Daha da kötüsü, bu süreç içinde kendi kendilerini yok etmiş olabilirlerdi. İnsan ırkı atom bombasının gücünü çok çabuk keşfetti.Bunun aynısı akıllı uzaylılar için de geçerli ise, o zaman ömürleri uzun olmayabilir. Belki de e=m.c kare olduğunu keşfettikten hemen sonra kendilerini havaya uçururlar. Eğer medeniyetlerin milyarlarca yılda evrimleşmeleri sadece bir gece sonra fiilen yok olmaları içinse, maalesef, biz onlardan haber alamama şanssızlığının yanıbaşındayız. Fakat kendini yoketmeyi önlemiş olan uzaylıların evreni çoktan sömürgeleştiren durumunda olmaları gibi son bir olasılık da var.

İnsna ırkının gelişmiş uzaylıları ararken sadece 2 seçeneği var. Dinleyebiliriz veya daha aktif olup, konuşmaya istekliliğimizi yayımlayabiliriz. Söyleyebilecekleirmiz hakkında çok dikkatli şekilde düşünmeliyiz.

Bence bu biraz fazla riskli olabilir. Biz, akıllı hayatımızın birdenbire karşılaşmak istemediğimiz bir hale gelebileceğini görmek için sadece kendimizi bakmalıyız. Biz insanlar çoktan kendi evrimimizin seyrini
manipule etmeye muktediriz. Aynı şekilde, muhtemelen bu gelişmiş uzaylılar içinde geçerlidir.

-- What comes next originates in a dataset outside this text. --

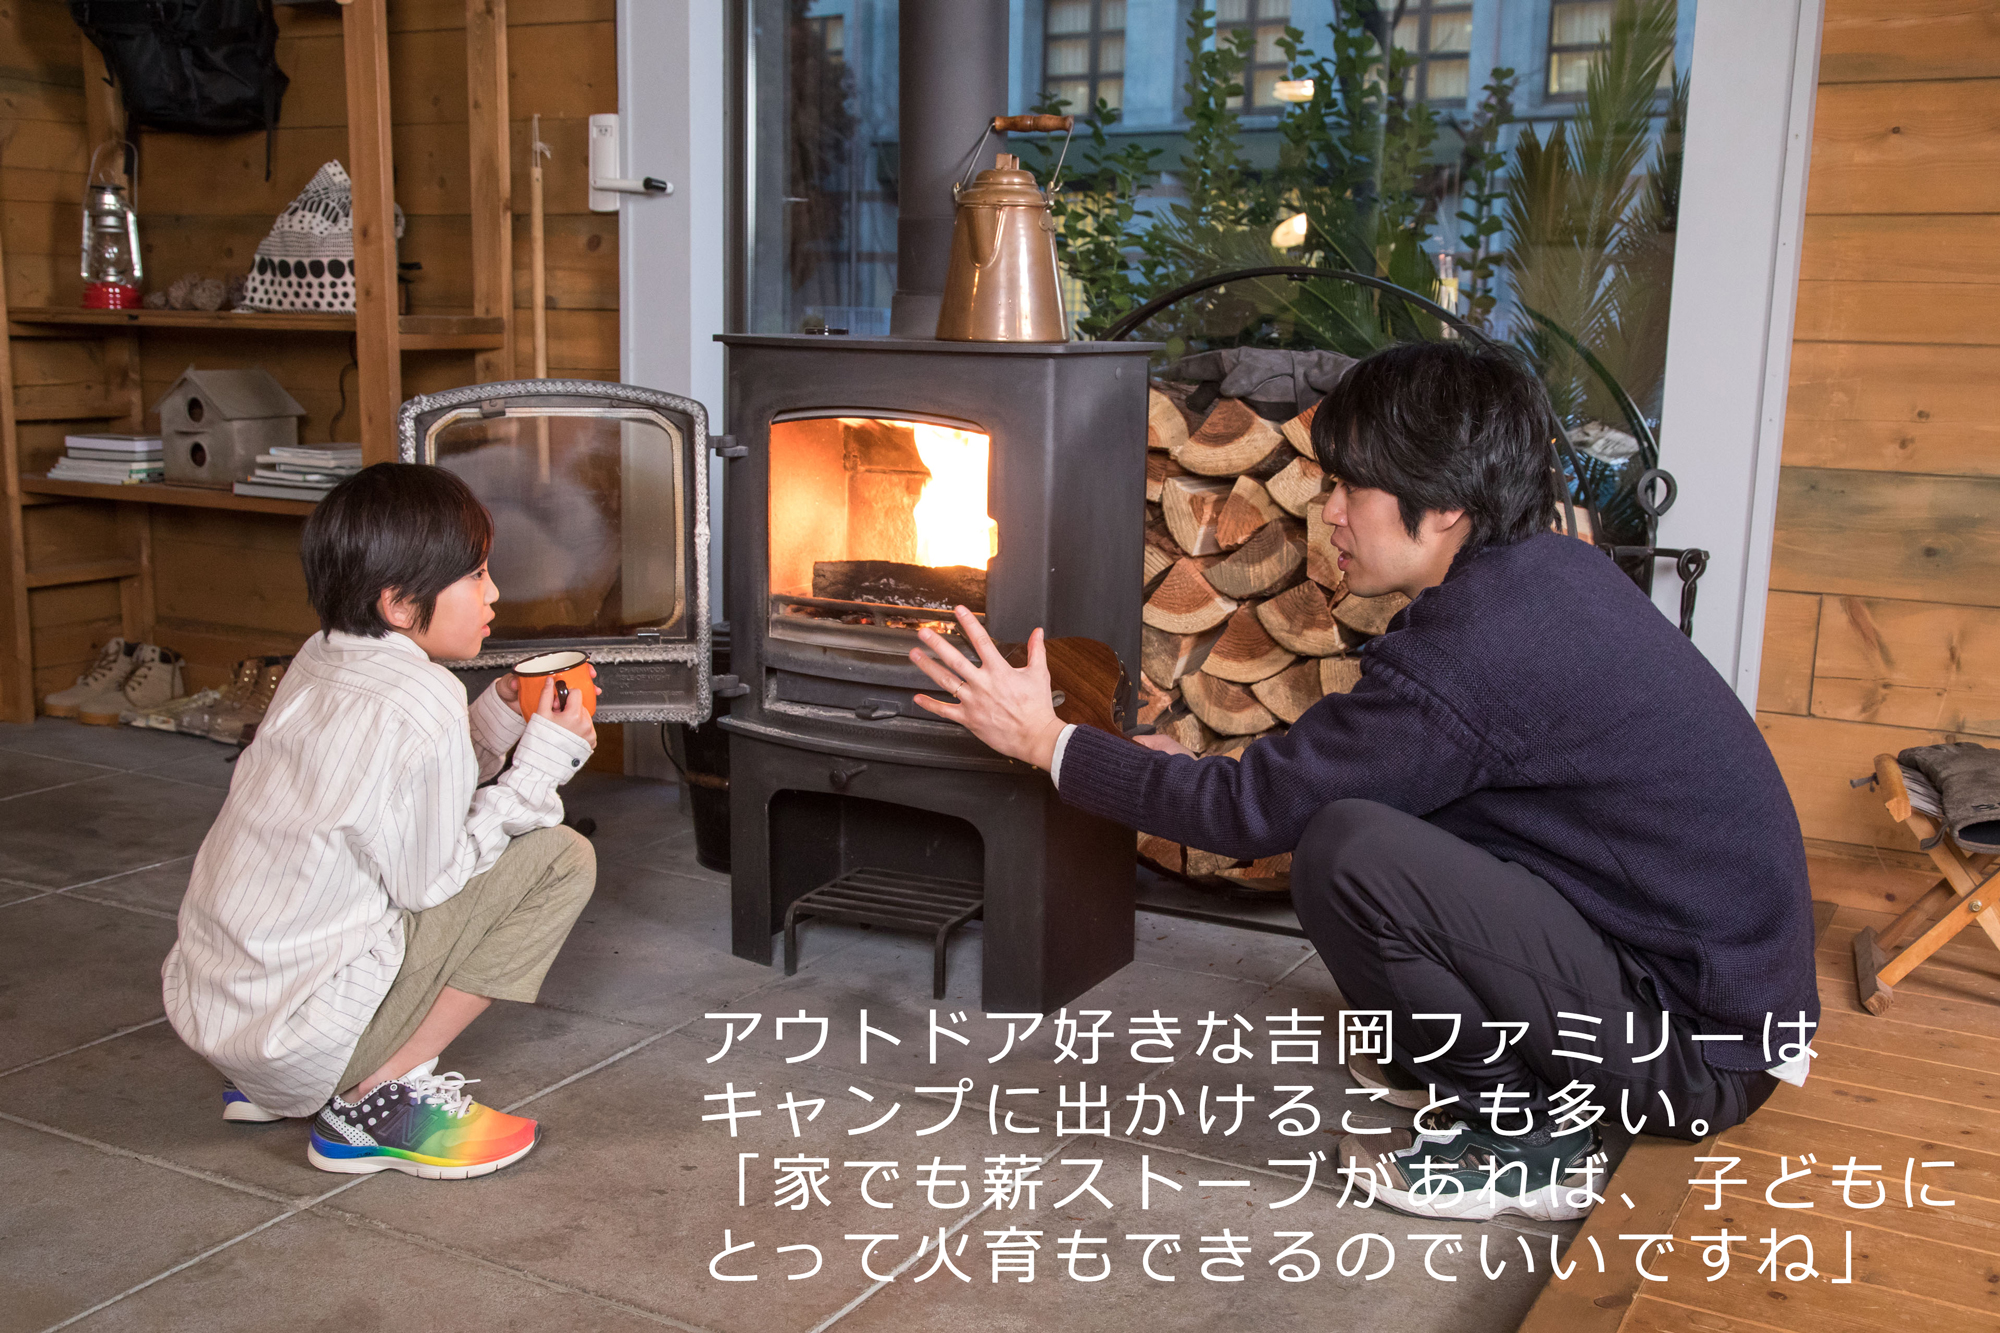 アウトドア好きな吉岡ファミリーはキャンプに出かけることも多い。「家でも薪ストーブがあれば、子どもにとって火育もできるのでいいですね」

Nihai olarak, onlar yaşlanmayı durdurmuş ve gerçekten ölümsüz olmuş olabilirler. Dha da fazlası, onlar bu noktaya milyonlarca yıl once gelmiş olabilir. Bu biraz inanışmaz gelebilir ama mantıklı olarak düşünürseniz, uaylı teknolojisi tıpkı bir roket gemisinin mağara adamına geldiği kadar olağanüstü bir şey olmalıdır.

Ben onların bunlar gibi devasana gemilerde varolabileceklerini, ve büyün kaynakları da aşağıdaki yuva gezegenden kullanmış olduklarını tasavvur ediyorum. Bu tarz uzaylılar erişebildikleri gezegenlerde
hakimiyet ve sömürgecilik arayışında göçebeler haline gelebilirler. Eğer öyle ise, her yeni gezegeni maddeleri için ve daha fazla uzay gemisi yapabilmek ve kendilerinin devam etmelerini sağlamak için sömürmek onlar için mantıklıdır.

Limitleirn ne olduğunu kim bilebilir? Belki de kabiliyetleri ne kadar gücü ele geçirip, kontrol edebilecekleri ile sınırlanabiliyordur. Ve bu bizim ilk başta hayal ettiğimizden de fazlası olabilir. Örneğin, komple bir yıldızdan enerji toplamak mümkün olabilir.